Collected data entries
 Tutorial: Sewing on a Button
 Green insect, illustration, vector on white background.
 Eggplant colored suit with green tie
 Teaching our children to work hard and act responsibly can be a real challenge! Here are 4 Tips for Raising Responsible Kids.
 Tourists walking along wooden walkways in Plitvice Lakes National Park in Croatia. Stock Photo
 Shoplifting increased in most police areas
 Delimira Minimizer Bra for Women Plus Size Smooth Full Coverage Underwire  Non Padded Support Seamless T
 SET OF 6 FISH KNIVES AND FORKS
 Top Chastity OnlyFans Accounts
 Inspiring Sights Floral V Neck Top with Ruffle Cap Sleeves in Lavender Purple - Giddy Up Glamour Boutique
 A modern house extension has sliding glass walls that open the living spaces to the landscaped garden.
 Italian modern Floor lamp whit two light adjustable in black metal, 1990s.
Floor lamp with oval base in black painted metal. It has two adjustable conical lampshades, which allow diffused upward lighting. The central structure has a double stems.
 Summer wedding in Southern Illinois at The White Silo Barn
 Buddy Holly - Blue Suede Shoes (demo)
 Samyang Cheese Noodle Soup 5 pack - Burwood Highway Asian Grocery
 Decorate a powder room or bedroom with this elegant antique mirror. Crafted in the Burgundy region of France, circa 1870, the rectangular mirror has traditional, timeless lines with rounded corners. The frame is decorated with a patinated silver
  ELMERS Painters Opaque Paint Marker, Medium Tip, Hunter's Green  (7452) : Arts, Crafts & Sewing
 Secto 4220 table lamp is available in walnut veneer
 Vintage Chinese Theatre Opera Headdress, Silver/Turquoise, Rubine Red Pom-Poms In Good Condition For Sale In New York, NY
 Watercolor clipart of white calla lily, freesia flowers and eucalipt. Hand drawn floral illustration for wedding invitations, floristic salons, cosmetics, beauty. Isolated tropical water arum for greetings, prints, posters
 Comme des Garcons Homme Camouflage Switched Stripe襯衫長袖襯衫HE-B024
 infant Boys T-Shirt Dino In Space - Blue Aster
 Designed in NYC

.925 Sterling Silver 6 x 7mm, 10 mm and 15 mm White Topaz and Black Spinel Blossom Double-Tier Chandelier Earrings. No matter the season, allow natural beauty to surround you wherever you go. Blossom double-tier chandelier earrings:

What is being asked: What you give back should be exactly the lines of the data above from the line with "Tourists walking along" through the line with "Italian modern Floor", both of those included, and nothing more.

Answer area:
 Tourists walking along wooden walkways in Plitvice Lakes National Park in Croatia. Stock Photo
 Shoplifting increased in most police areas
 Delimira Minimizer Bra for Women Plus Size Smooth Full Coverage Underwire  Non Padded Support Seamless T
 SET OF 6 FISH KNIVES AND FORKS
 Top Chastity OnlyFans Accounts
 Inspiring Sights Floral V Neck Top with Ruffle Cap Sleeves in Lavender Purple - Giddy Up Glamour Boutique
 A modern house extension has sliding glass walls that open the living spaces to the landscaped garden.
 Italian modern Floor lamp whit two light adjustable in black metal, 1990s.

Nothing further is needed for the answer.